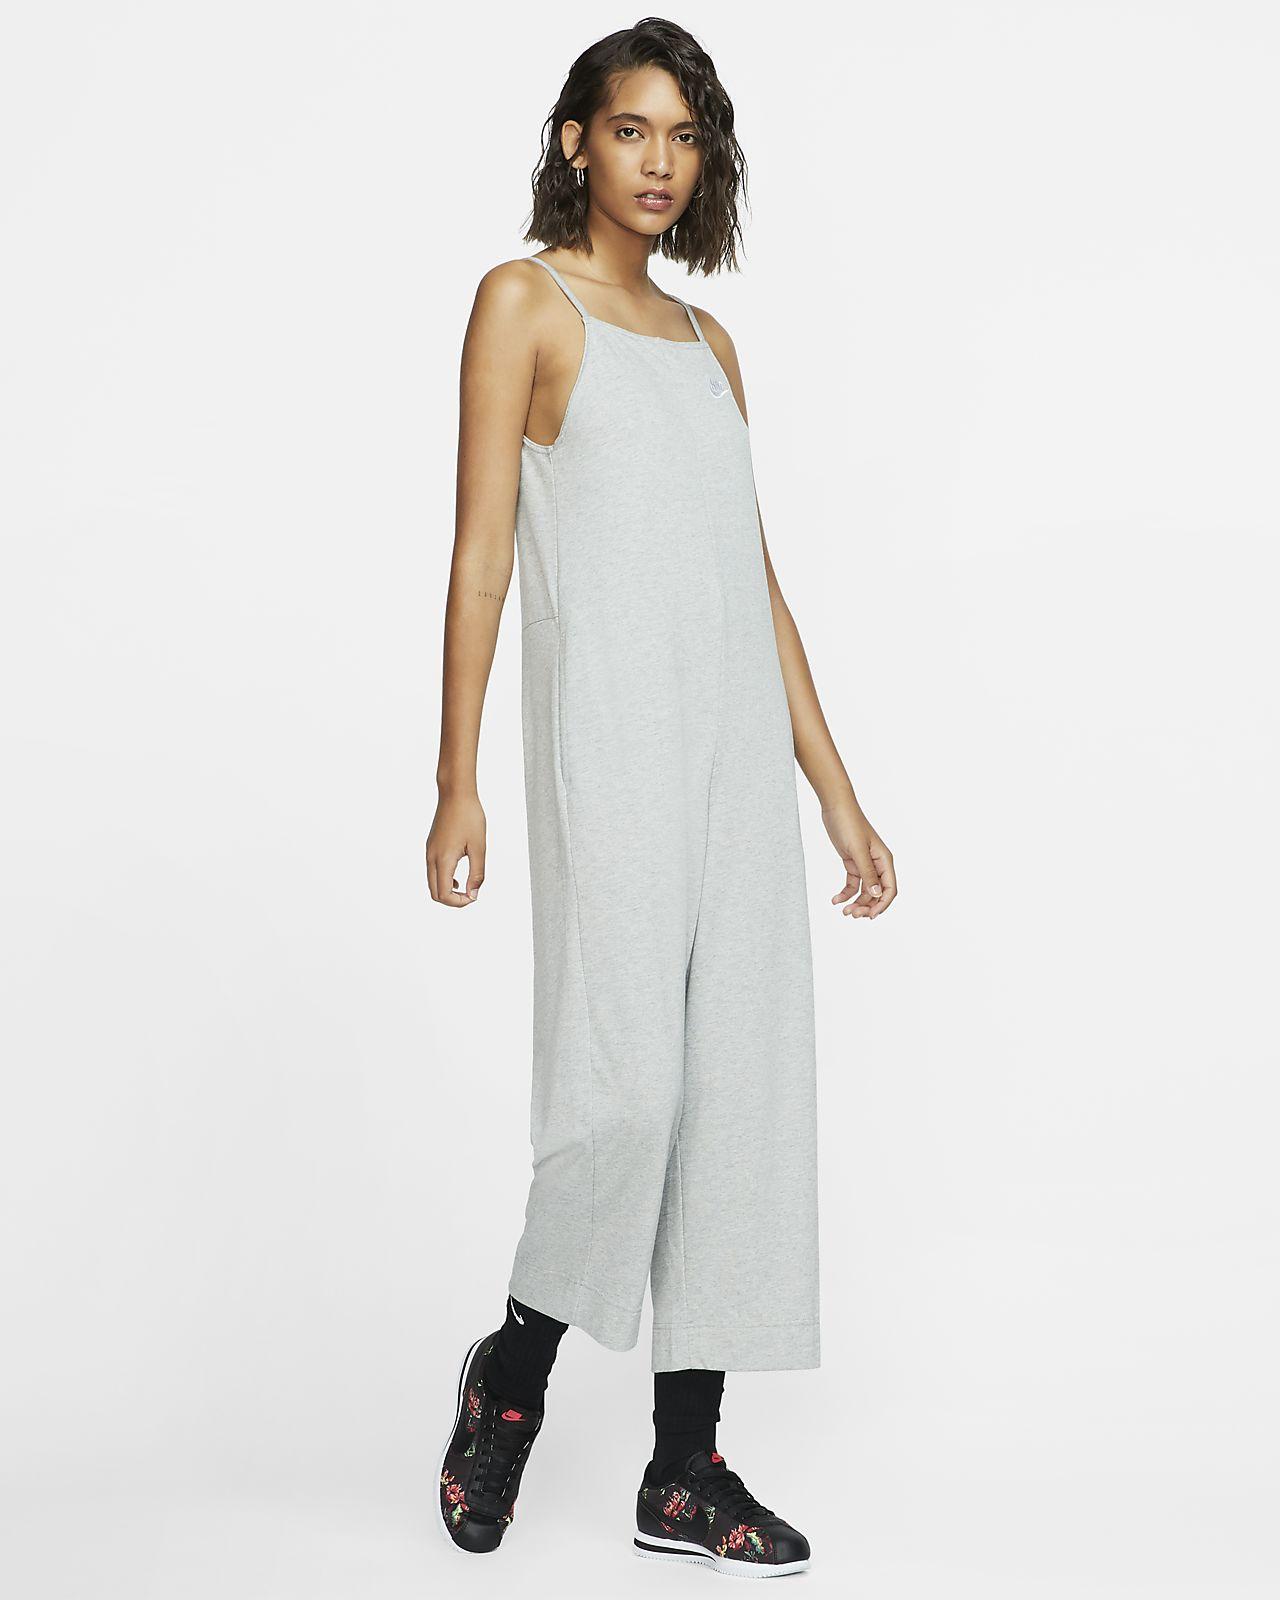 Qualité supérieure 37206 efe49 Combinaison Nike Sportswear pour Femme
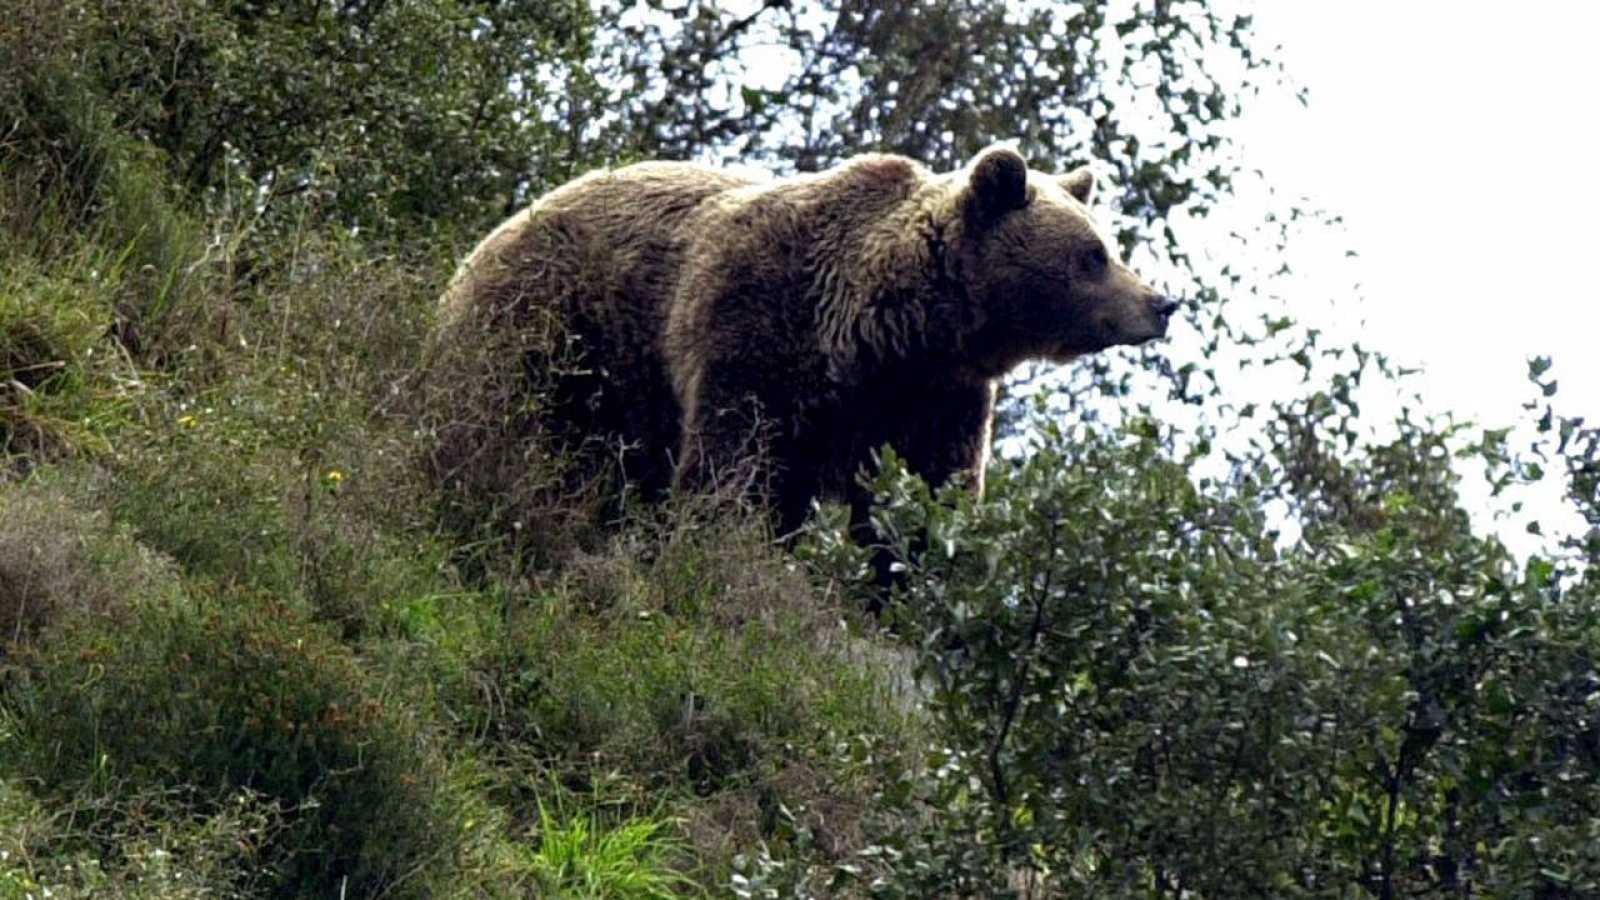 Muere un oso pardo en Asturias a causa de un disparo - RTVE.es
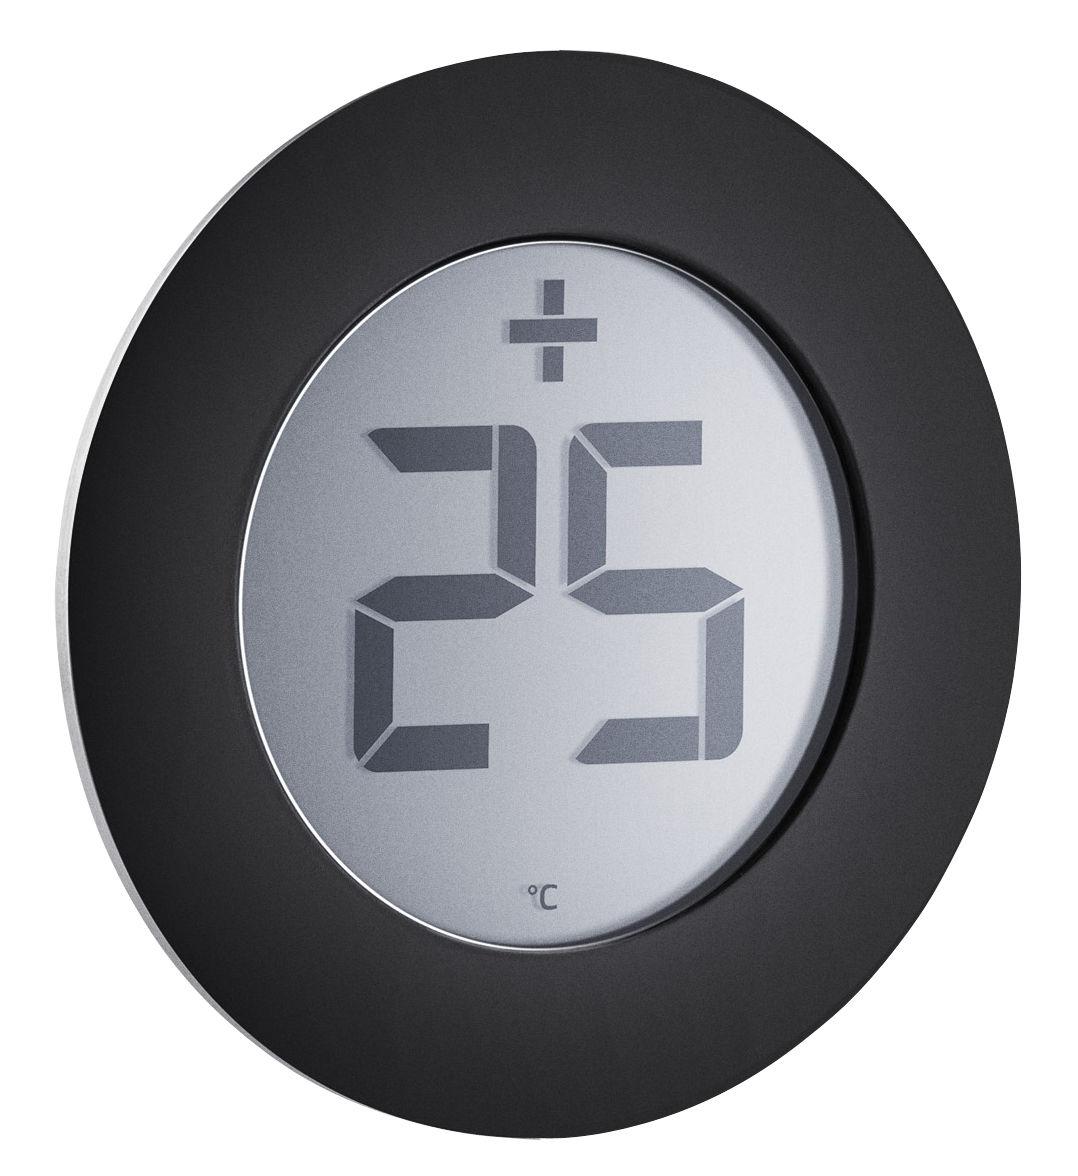 Thermom tre digital d 39 ext rieur autocollant pour for Thermometre digital exterieur

» **Requirement**:
Restate the full listing verbatim and drop every picture.

» **Exercise response**:
 Qualité supérieure 37206 efe49 Combinaison Nike Sportswear pour Femme
 Muere un oso pardo en Asturias a causa de un disparo - RTVE.es
 Thermom tre digital d 39 ext rieur autocollant pour for Thermometre digital exterieur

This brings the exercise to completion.